As you can see, this line shows the general trend of the data (i.e. generally, as age increases, height tends to increase as well). This trend line is especially useful when trying to interpolate or extrapolate data.
  • Interpolation is the process of estimating new data points within the range of the given data points.
  • Extrapolation is the process of estimating new data points outside of the range of the given data points.

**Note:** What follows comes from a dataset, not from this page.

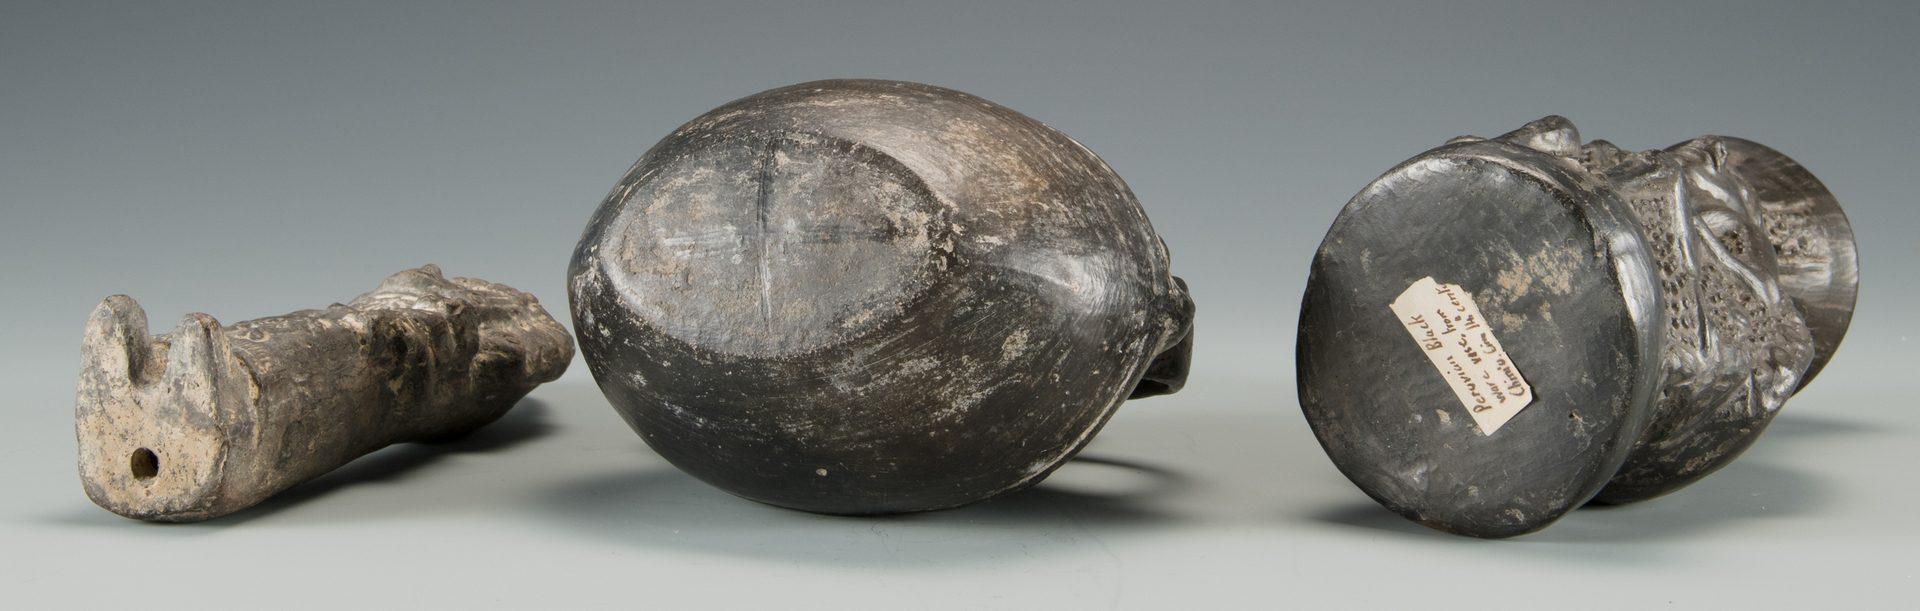 Lot 524: 3 Peruvian Chimu Blackware Pottery Items

Interpolation and extrapolation are extremely useful when analyzing data and are extremely dependent on having an accurate line-of-best-fit. Let's say we want to estimate the height of someone who is 17 years old. We don't have a data point for that specific age, so we must look at our line-of-best-fit. As we can see, according to our line, a 17-year-old person will most likely have a height of around 130 centimeters. This is an example of interpolation as a 17-year-old person lies within our range of given data (ages 14 to 23). What if we want to estimate the height of a 10-year-old person? Well, once again, we don't have a specific data point for that age, so we must look at our line-of-best-fit. According to this line, a 10-year-old will likely have a height of around 115 centimeters. This is an example of extrapolation as a 10-year-old lies outside of our given age-range.
As you may have noticed, our line-of-best-fit may not be the most accurate as, if you extrapolate it further, it will tell you that a 50-year-old person will be 240 centimeters tall! Just to put that into perspective, the average height of an NBA player is 202 centimeters. This is a good demonstration of a misleading line-of-best-fit. To make the line more accurate, we would need to be supplied more initial data points.
  • The more data points on which we base our line-of-best-fit, the more accurate the line will be.
So now we've looked at how data relationships are represented on graphs and slightly touched upon interpreting that data. Later, we will dive deeper into this topic.